Finalmente, "y después de mucho insistirle", la víctima consiguió que el acusado le firmara su contrato, tras lo cual, "el acusado le dijo que no era necesario que lo llevara a extranjería ya que él no iba a informar favorablemente ni a darle de alta".
Esta situación laboral se mantuvo "hasta el día 4 de mayo de 2024 cuando el acusado le envió un WhatsApp diciendo a N.B.H., que no volviera a trabajar, sin dar más explicaciones" y pagándole "después de insistirle, por los meses de marzo y abril del 2024, exclusivamente la cantidad de 1.250 euros".

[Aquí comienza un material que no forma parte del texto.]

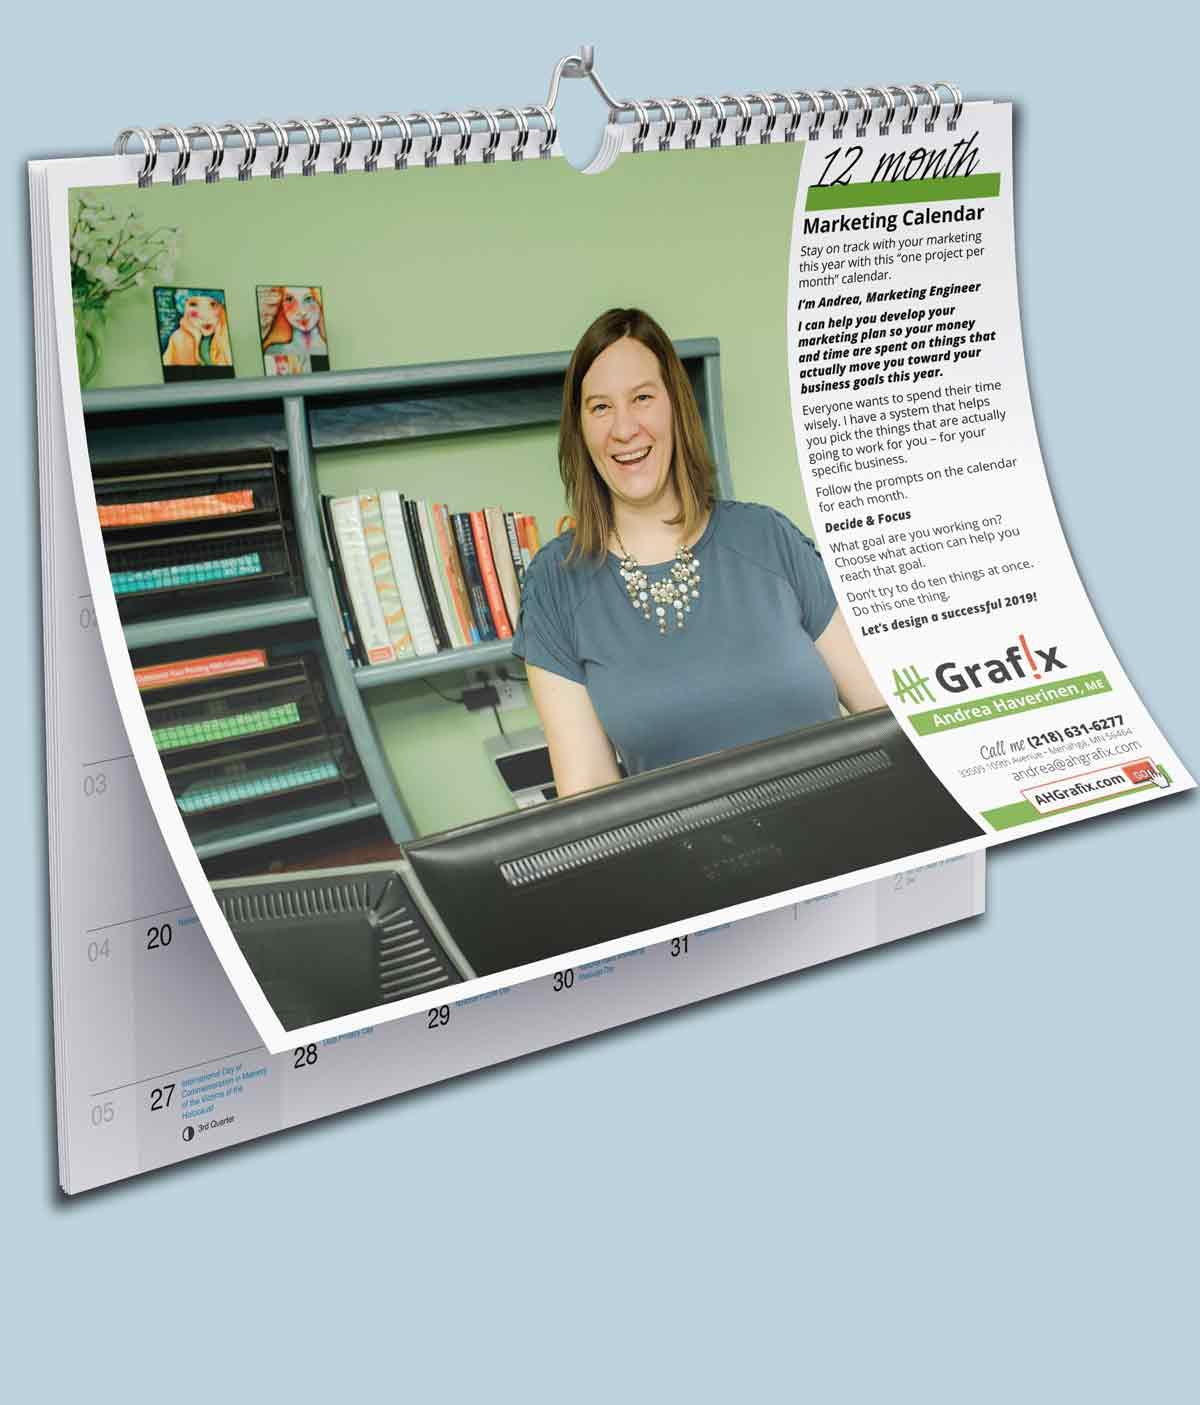 sites/42728166/Mockup-Marketing-Calendar-1200px-blue-bkg.jpg

A ello se suma que en un día sin determinar "entre 6 y el 14 de mayo de 2024", el acusado "accedió con la llave que tenía al interior de la habitación donde vivía N.B.H., sin el consentimiento de ésta, y, con ánimo de enriquecerse injustamente de los bienes ajenos, cogió un monedero con 100 euros".
Además, mientras la mujer estuvo trabajando para el acusado "éste, con ánimo de atentar contra la indemnidad sexual, de alterar gravemente el desarrollo de la vida cotidiana ajena y de menoscabar la libertad y sentimiento de seguridad ajeno, le decía multitud de frases" con referencias a su físico y referencias sexuales, aprovechando incluso "para "tocar" o "rozarse" con ella "en cada oportunidad que tenía".

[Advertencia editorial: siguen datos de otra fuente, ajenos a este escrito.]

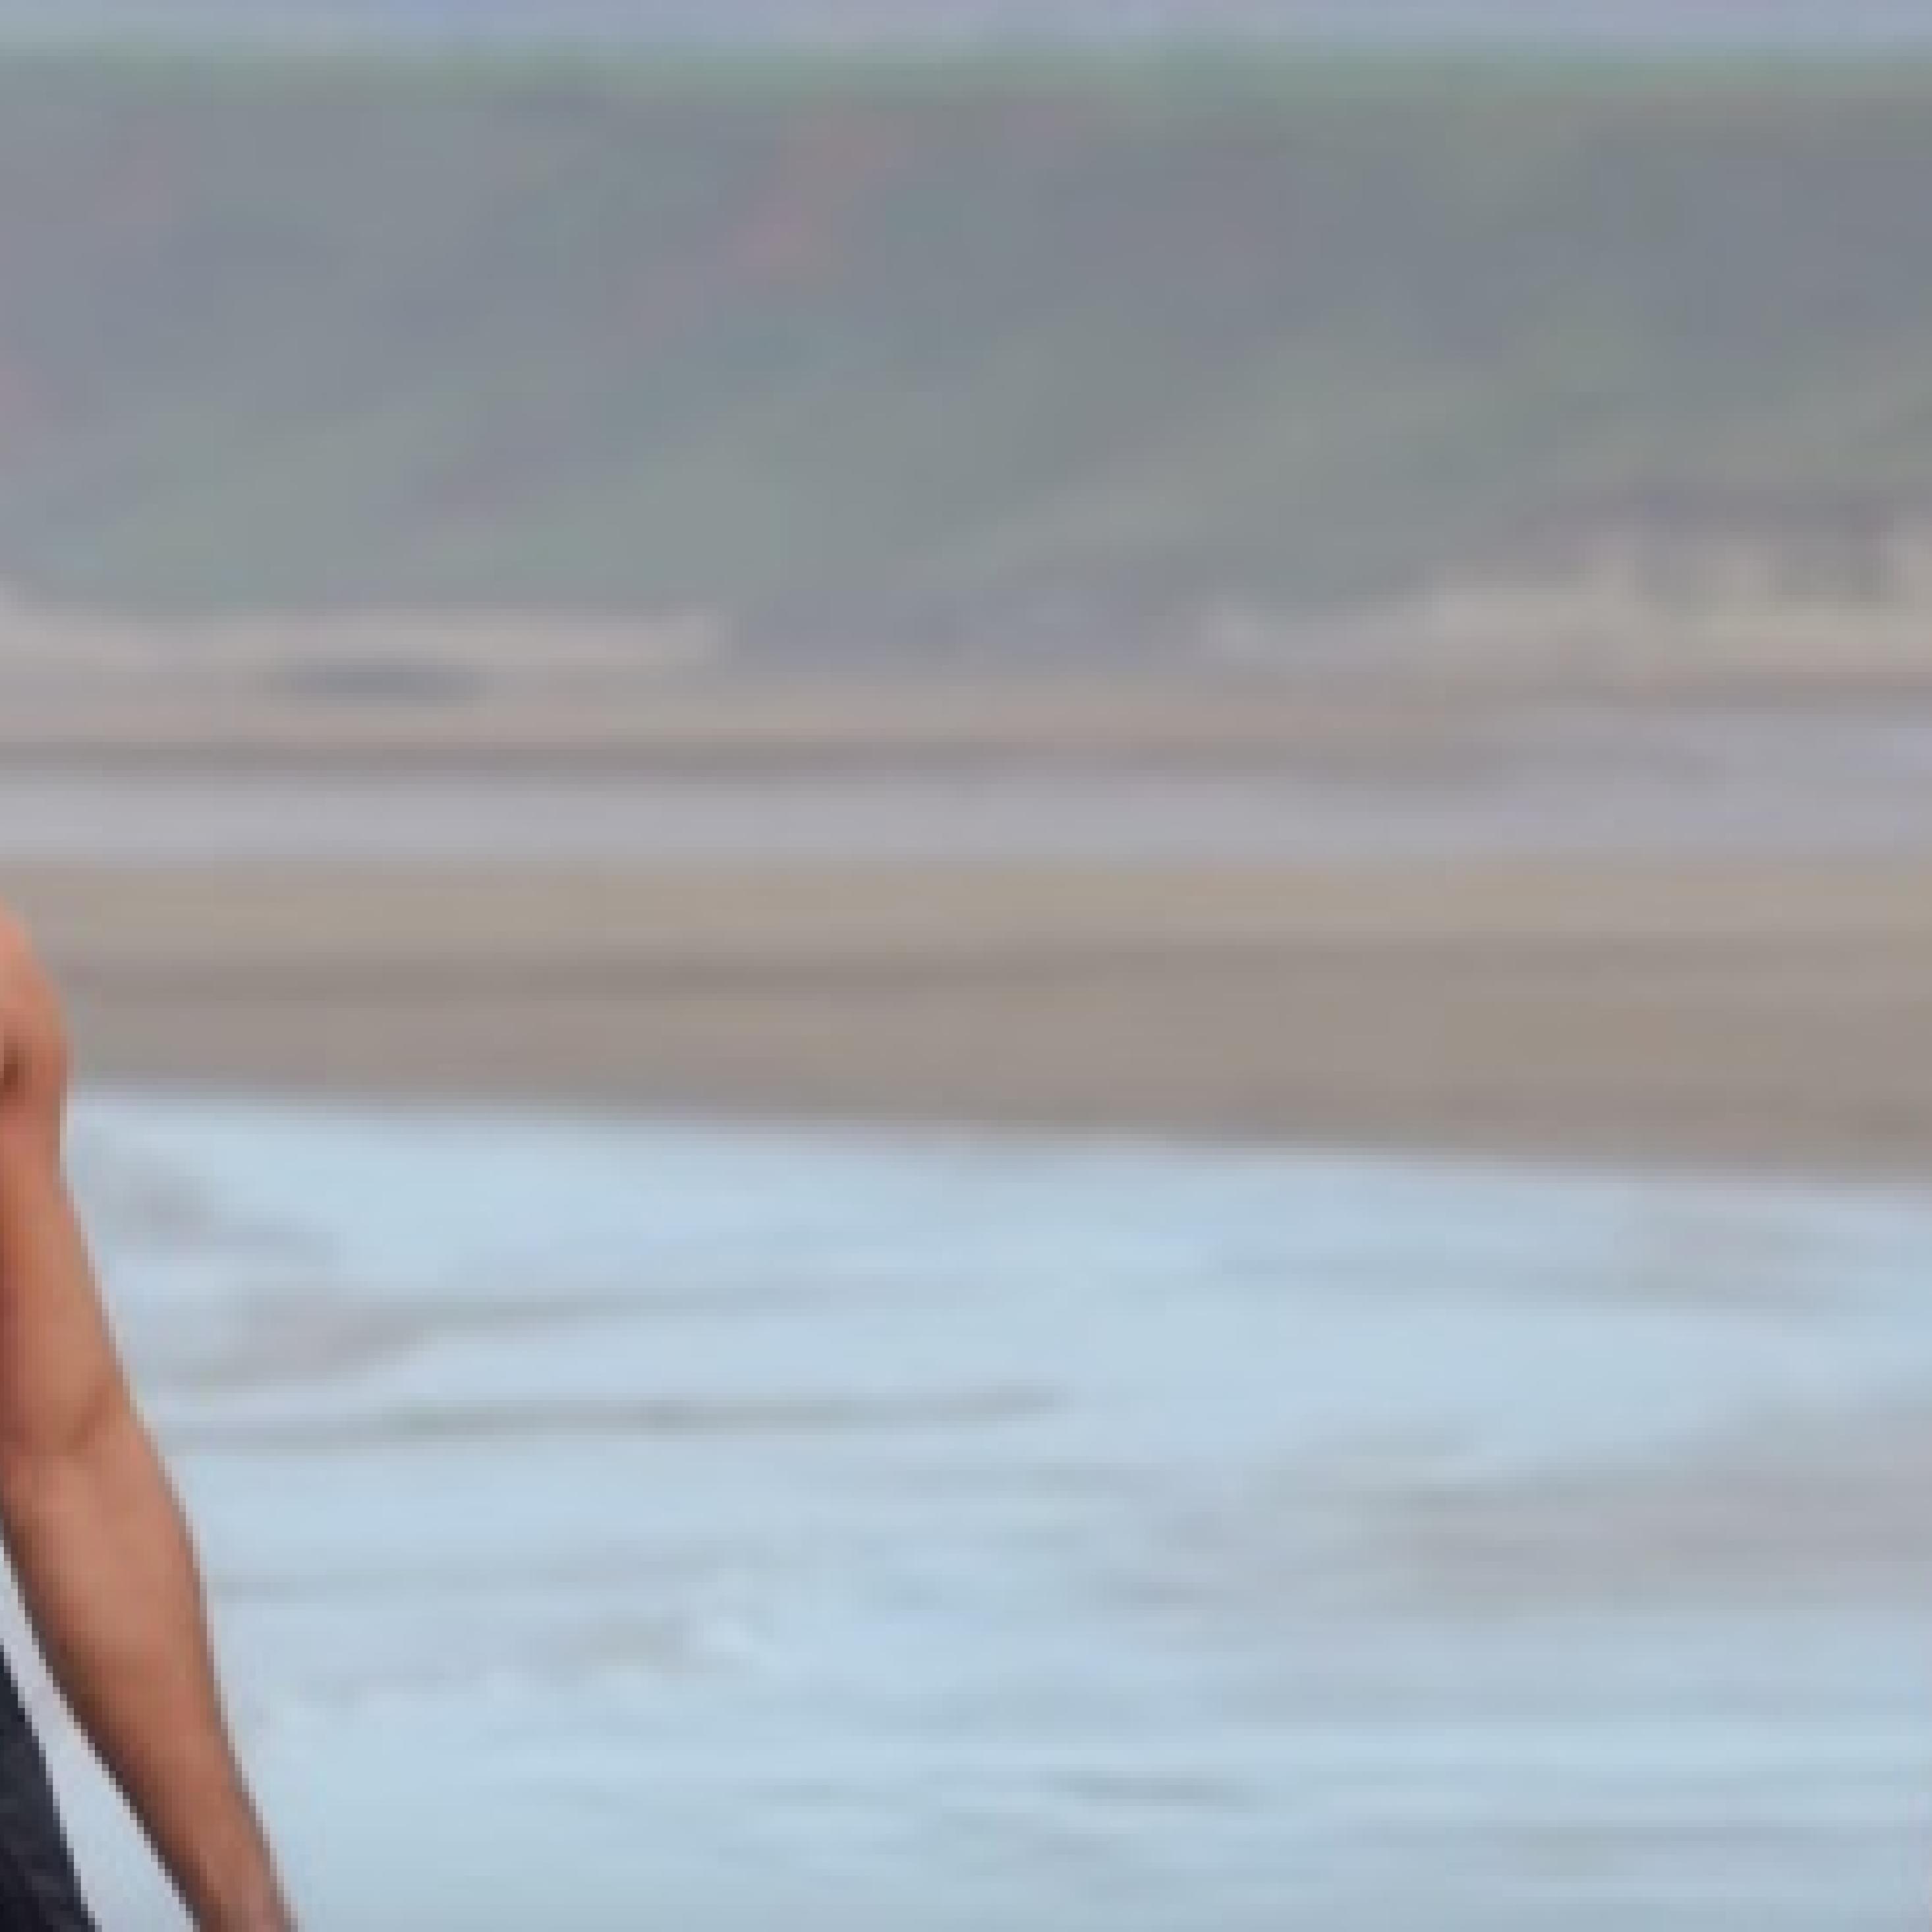 download shandaar movie alia bhatt bikini photoshoot 2932x2932

Por otro lado, "el acusado firmó un contrato en calidad de cocinera con G.B. el día 17 de abril de 2024, dando de alta a dicha trabajadora el día 22 de dicho mes", de nuevo ofreciéndole una habitación por importe de 330 euros mensuales, a la que esta segunda mujer accedió tras pagar la mensualidad correspondiente más una más de fianza.
Y de nuevo, el día 13 de mayo de 2024, "el acusado, actuando con ánimo de enriquecerse injustamente de los bienes ajenos y con la llave que tenía en la habitación donde vivía G.B., entró en ella, revolvió todo los elementos propiedad de esta, los dejó en otra habitación cercana, cogió 600 euros y una pulsera de oro y abandonó el lugar".
Según el escrito del Ministerio Fiscal, todos estos hechos suponían tres delitos en el caso de la primera víctima: uno, contra los derechos de los trabajadores; otro, de hurto; y un tercero, de acoso laboral, mientras que, en el caso de la segunda mujer, se contempla otro delito de hurto. De todo ellos, es responsable el acusado sin que concurran circunstancias modificativas de su responsabilidad.